### PROBLEM TO SOLVE:
For this task, copy all of the data below exactly and skip the pictures.

### PROVIDED DATA:
☆ ☆ ☆ ☆

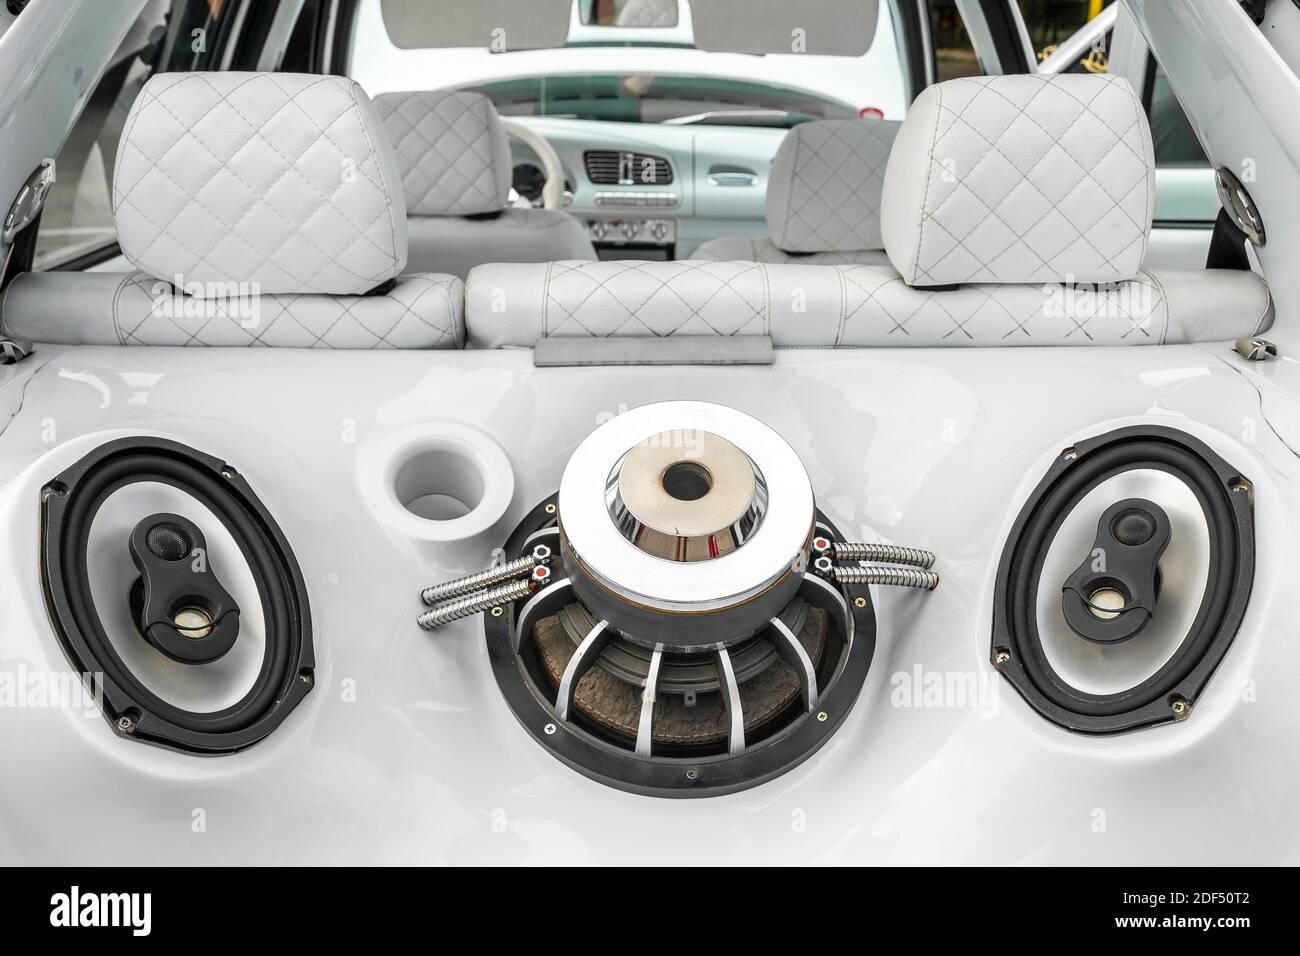 Auto sintonizzata con potente sistema audio e subwoofer nel bagagliaio dell'auto. Interni auto bianchi personalizzati. Foto Stock
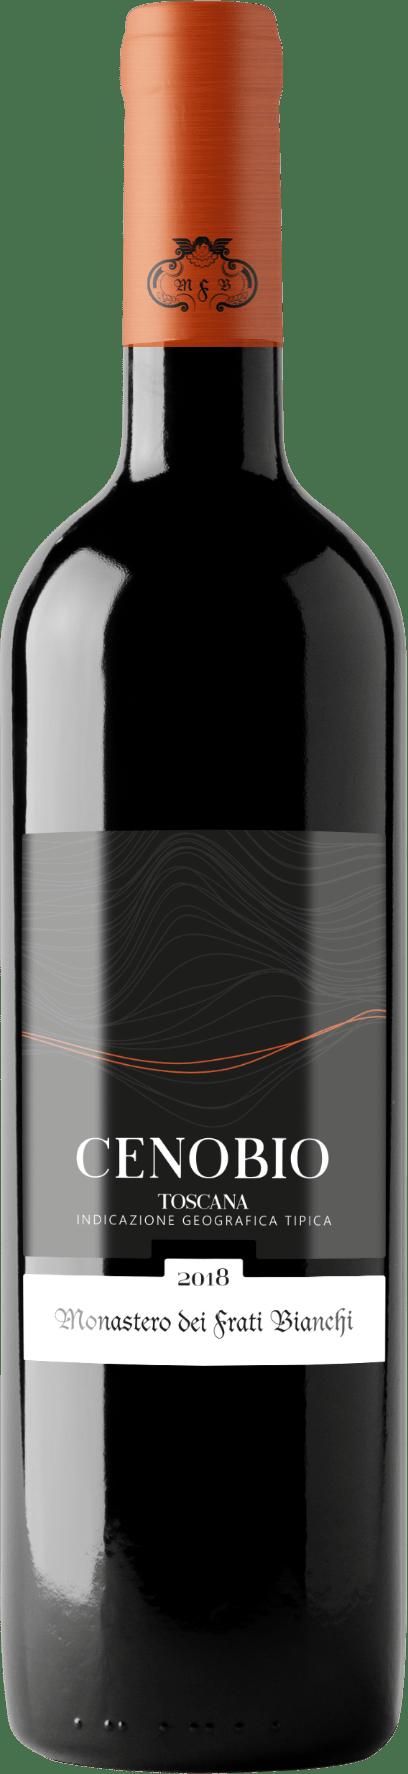 bottiglia-vino-cenobio-monastero-frati-bianchi-min
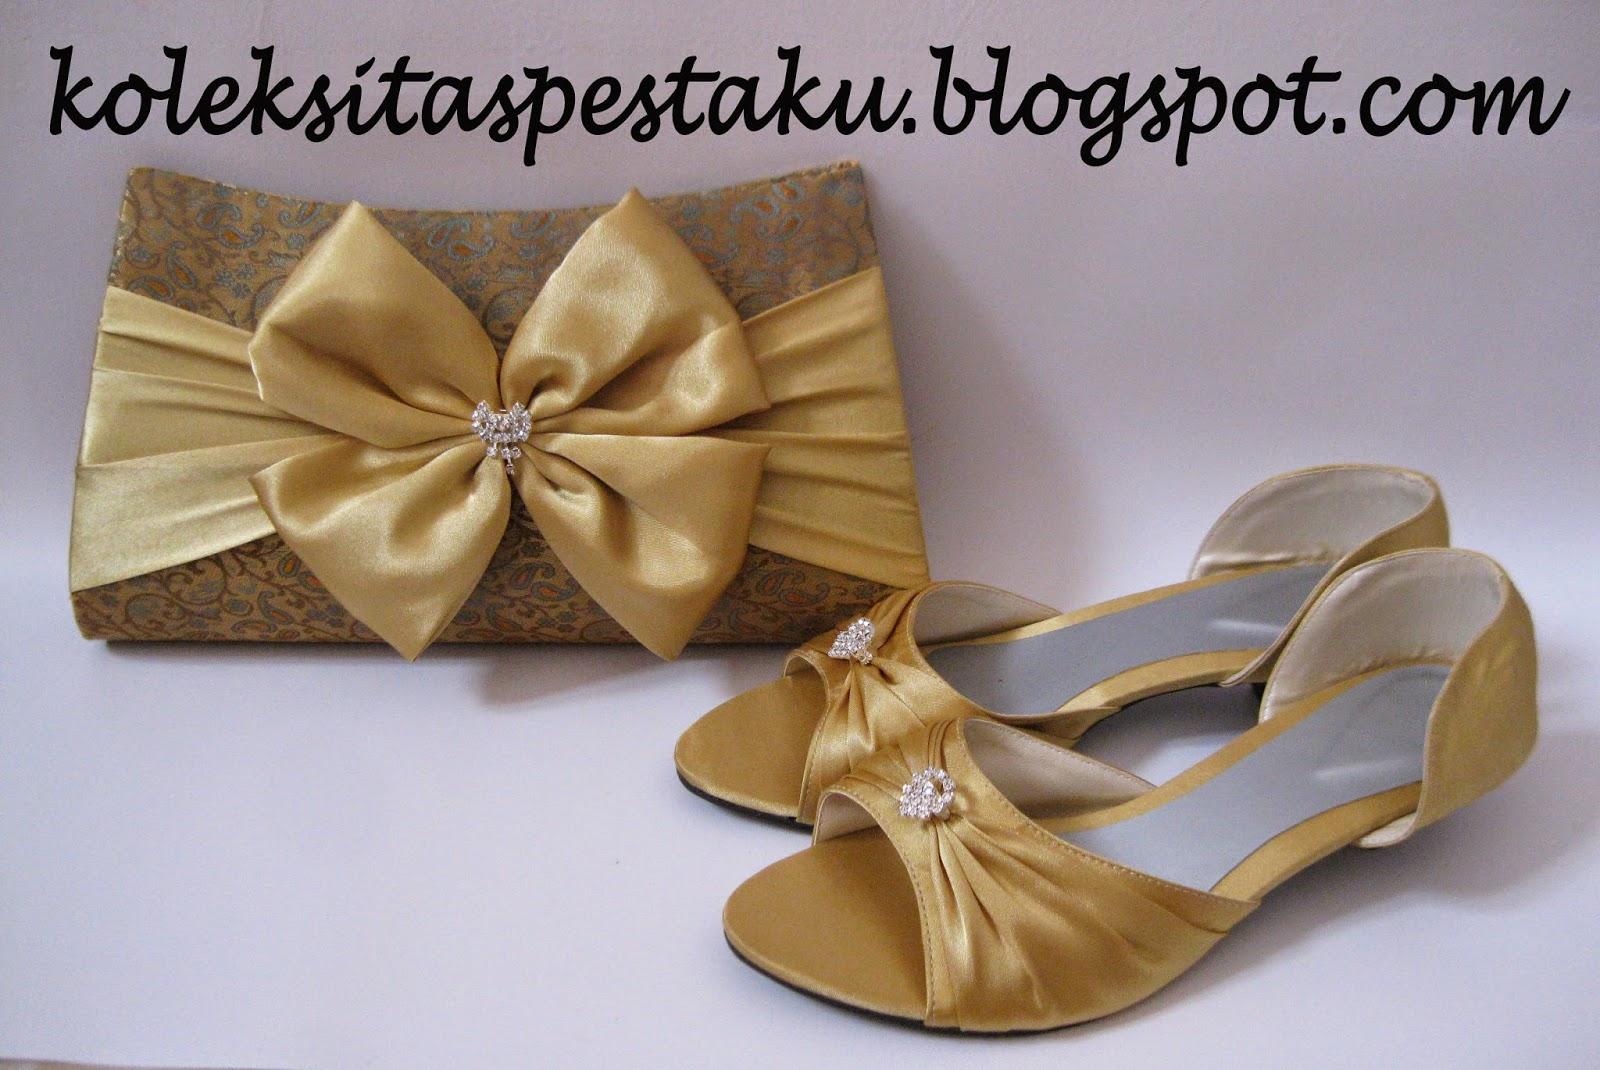 Sepatu pesta terbaru dan tas pesta sari india gold

☆ ☆ ☆ ☆

### REPLY TO THE EXERCISE:
 Auto sintonizzata con potente sistema audio e subwoofer nel bagagliaio dell'auto. Interni auto bianchi personalizzati. Foto Stock
 bottiglia-vino-cenobio-monastero-frati-bianchi-min
 Sepatu pesta terbaru dan tas pesta sari india gold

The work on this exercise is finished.